We find no ambiguity in this language, and hence there is no necessity for resorting to surrounding circumstances, such as the intimacy claimed to have existed between the appellant and the settlors, or to the principle that in the case of doubtful construction, the law favors that which permits descent in the line of ancestral blood. "Where the language is clear, unequivocal and unambiguous, the contract is to be interpreted by its own language, and courts are not at liberty to look at extrinsic circumstances surrounding the transaction, or elsewhere, for reasons to ascertain its intent; the understanding *9
of the parties must be deemed to be that which their own written agreement declares." (Springsteen v. Samson,
If, as is claimed by the appellant, an ambiguity was created by the deed of 1885, it is of no importance, for, as we have already seen, it was not within the power of the parties to that instrument to affect rights springing from the deed of 1876. Resort cannot be had to the later deed in order to create an ambiguity in the earlier, and make it the basis of construction through the aid of extrinsic facts.
We do not need in this case to go beyond the language employed by the settlors in order to learn their intention, which must be "collected from the whole context and subject-matter of the deed so as to make one entire and consistent construction of the whole." (Beals Cardinal Rules of Legal Interpretation, 67.) The meaning of the words used by them is plain, clear and free from ambiguity, whether the trust estate consisted of real or personal property. They directed the trustee, in the contingency which has happened, to make distribution among their next of kin according to the Statute of Distributions. While the word "heir," which has a popular, as well as a technical meaning, is, under special circumstances, held to include "next of kin," the latter phrase, which has not acquired a popular meaning, but has a technical meaning only, is never held, when standing alone, to include heirs at law. "Heir" may have either of two meanings, but "next of kin," when used simpliciter, as in the instrument before us, only one. Where such a strictly legal phrase is used in an *10
important legal instrument, drawn, as this one obviously was, with caution, foresight and the advice of some person learned in the law, in the absence of words in the context plainly indicating a different intention, it must be presumed to have been used with its strict technical meaning. (Keteltas v.Keteltas,
The settlors, however, were not contented with the simple use of this phrase, but they went farther and added, "according to the Statute of Distributions of the state of New York." It is impossible to describe heirs at law by a reference to this statute, which governs the devolution of title to property among next of kin.

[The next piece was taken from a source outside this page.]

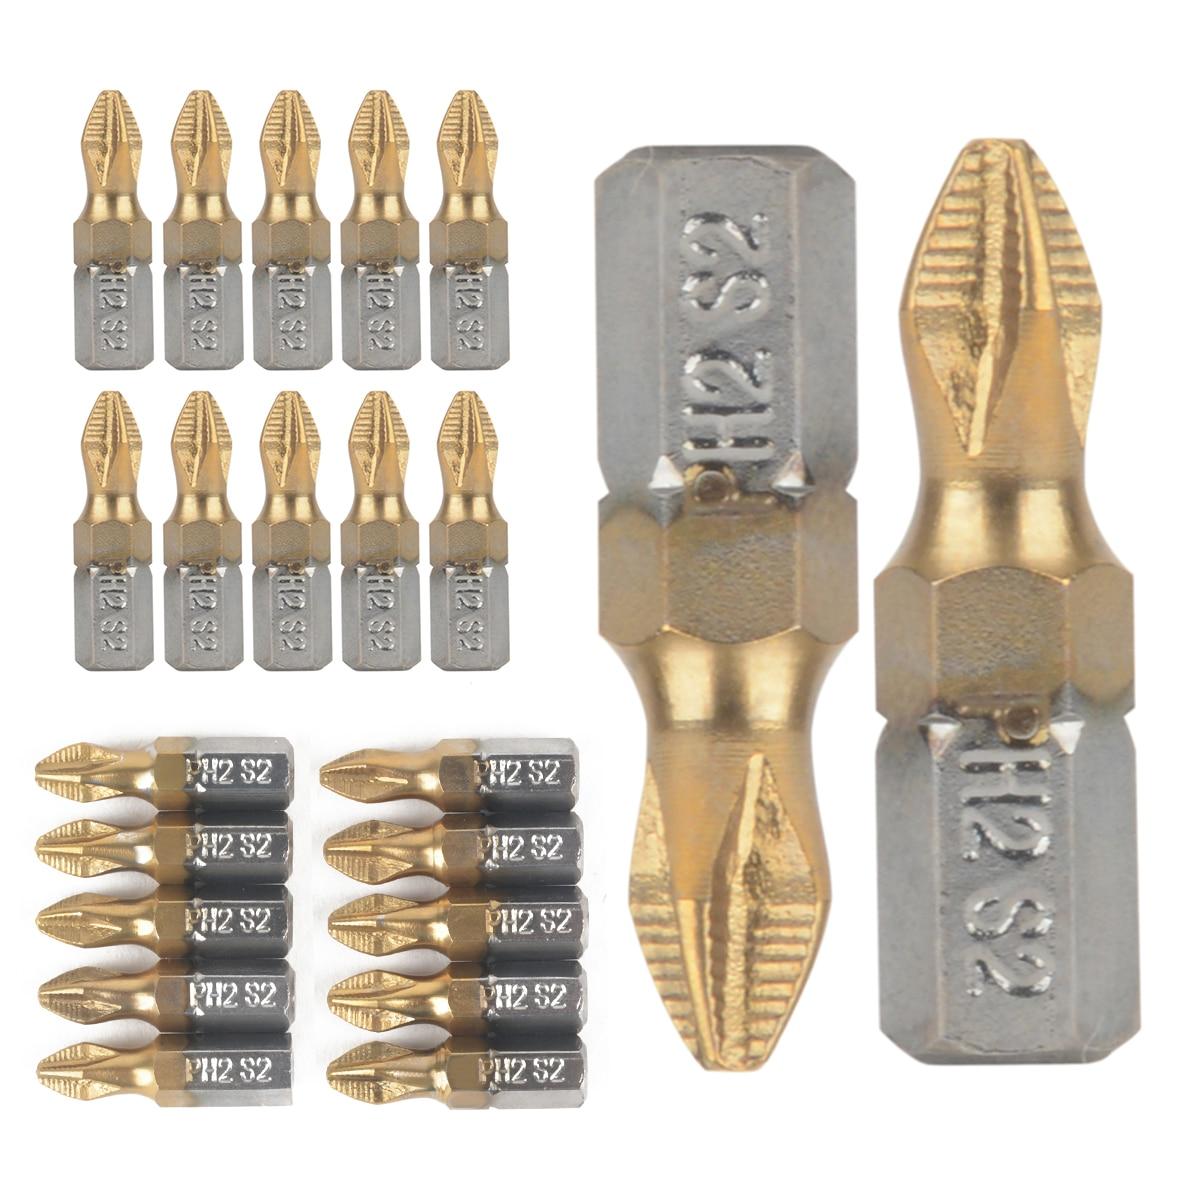 10pcs Anti Slip PH2 Screwdriver Bit 25mm Length 1/4

From its origin in the year 1670 to the present time it has never had anything to do with heirs at law, except by way of exclusion. (22 23 Car. II, ch. 10; 3 R.S. [6th ed.] 104; 4 Encyc. Laws of England, 310.) The distributes named in it have always been the next of kin, and the reference to it by the settlors makes their intention doubly plain by a second description of the class of persons to whom they wished the property to go. Both descriptions necessarily exclude heirs at law from participation.
We think the learned Appellate Division was right in holding that the settlors designated a class capable of being definitely ascertained by a simple reference to the statute; that distribution of the property covered by the trust should be made exclusively among the persons belonging to that class, and that the proceeds of the real estate should not be distributed among another class of persons, who, under another statute, would take as heirs at law.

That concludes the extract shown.